С той субботы Павел и завернул ко всенощной в Воскресенский собор – там не в таких нарядах видывали. За войну он отвык от служб, от храма, даже молитвы, кроме «Отче наш», перестал помнить. А теперь с первого же всенощного бдения всколыхнулась в нём Молога, будто разом, по Господнему велению встала из-под воды, очистилась от мокрой черноты всеми главами святого Афанасия и ослепила его праздником, оглушила звоном благовествований.

Первые службы он торчал в притворе храма, торчал так, будто нет его, бригадира строительных работников Павла Опёнкова, а есть его детство, любопытное, беспомощное перед таинством службы, которое по цепкости памяти, знает наизусть все красивые звуки и движения праздника и по бесхитростности своей твердящее их вслед за службой. Скоро он стал глохнуть от голода и теперь пробирался ближе к алтарю, к хорам, и, как бывало в монастырском детстве, становился там на колени.

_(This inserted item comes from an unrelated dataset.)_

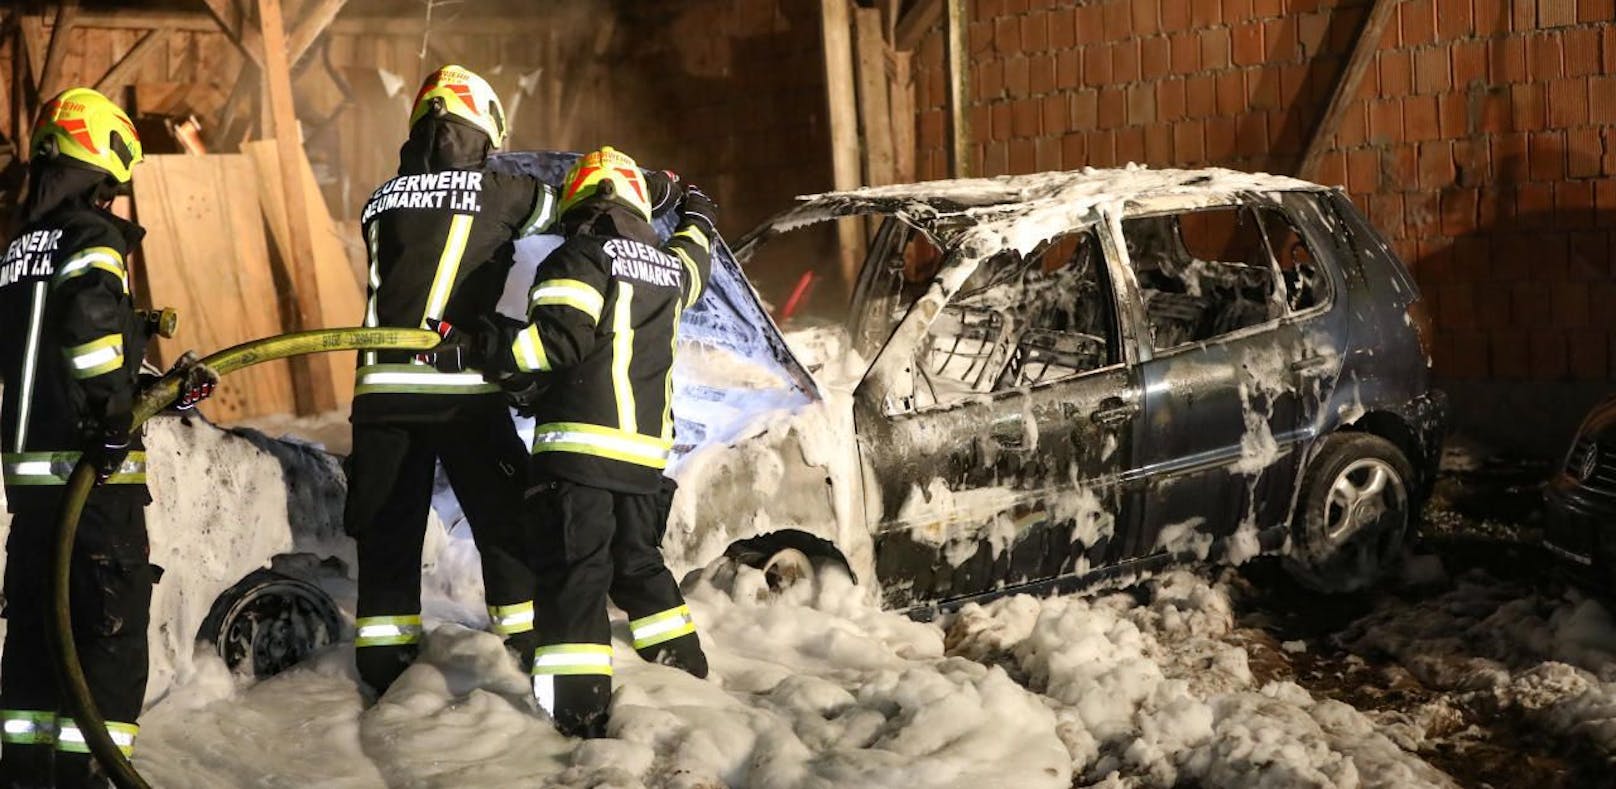 7 Feuerwehren löschten brennendes Auto vor Haus

Теперь он мало думал про работу и стал забывать, как завязываются углы при кирпичной кладке, – душа его была в подводной Мологе. Он вспоминал величавые евангельские святые чтения с вытягиванием концов у стиха, тончайший голос псаломщицы Евстолии, бесконечно тянущий из себя: «Осподи, помилуй, Осподи, помилуй, Осподи. помилуй, Ос-по-ди, поми-и-и-илуй…» и с этими воспоминаниями пропадал памятью в детские чудесные видения, которые были ему в нишах монастырских стен и в лопухах за звонницей.

Кто уж доложил обо всём начальнице стройконторы, теперь не вспомнишь, но тогда она вызвала его к себе и заставила долго выстоять посреди кабинета. Он сначала всё ждал, чего она скажет, и стыдился своего грязного вида перед интересной начальницей, потом забылся, закрыл глаза, стал пришёптывать в бороду невесть какие слова.

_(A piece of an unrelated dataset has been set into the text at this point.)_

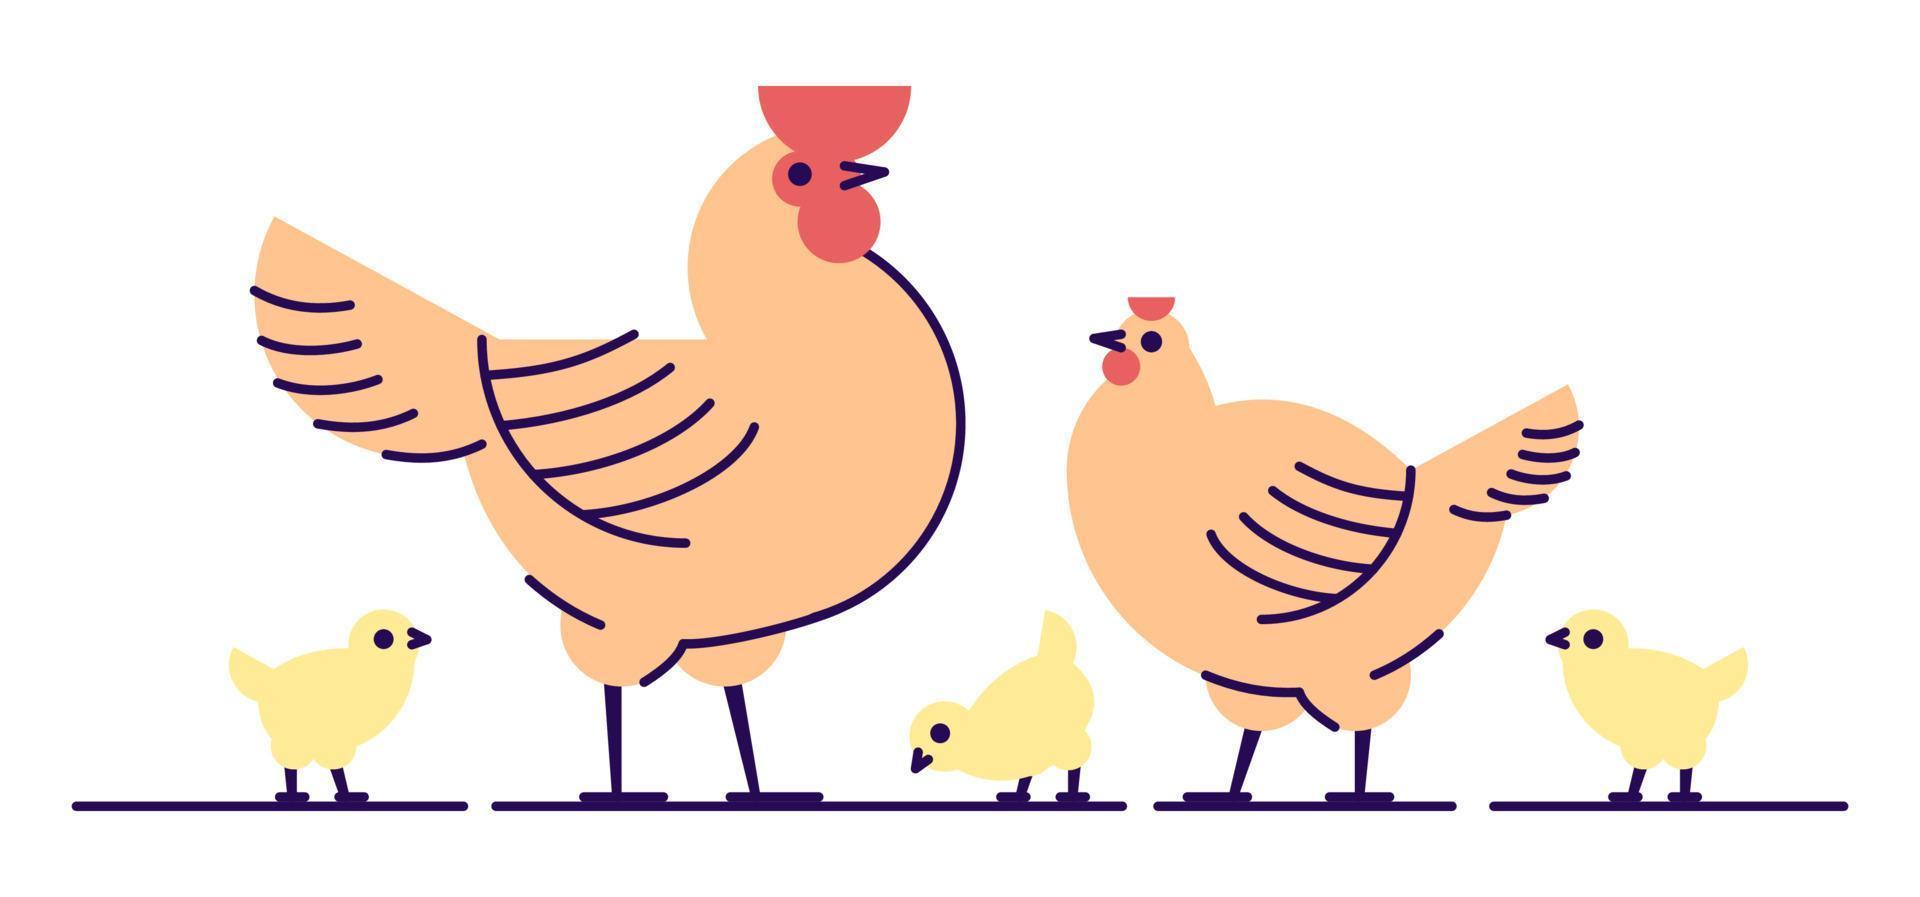 Hühnerfamilie flachbild Vector Illustration. isolierter orangefarbener Hahn, Henne und gelbe süße Küken. Hennery, Geflügelfarm, Vogelzucht-Cartoon-Design-Elemente mit Umriss. Herstellung von Hühnerfleisch

– Пьёшь, Опёнков? – вернула его к памяти начальница. – Упиваешься до затмения головы и религиозного дурмана? Опустился. Хоть бы ради моего вызова побриться сходил. Нехорошо такой пример показывать бригаде.

Павел не нашёлся, что сказать начальнице, продолжал стоять молча перед её глазами, и она объявила, что разжалует его из бригадиров.

«Господи, как же теперь заработка-то всем хватит?» – помыслил он в голове, но вслух не спросил.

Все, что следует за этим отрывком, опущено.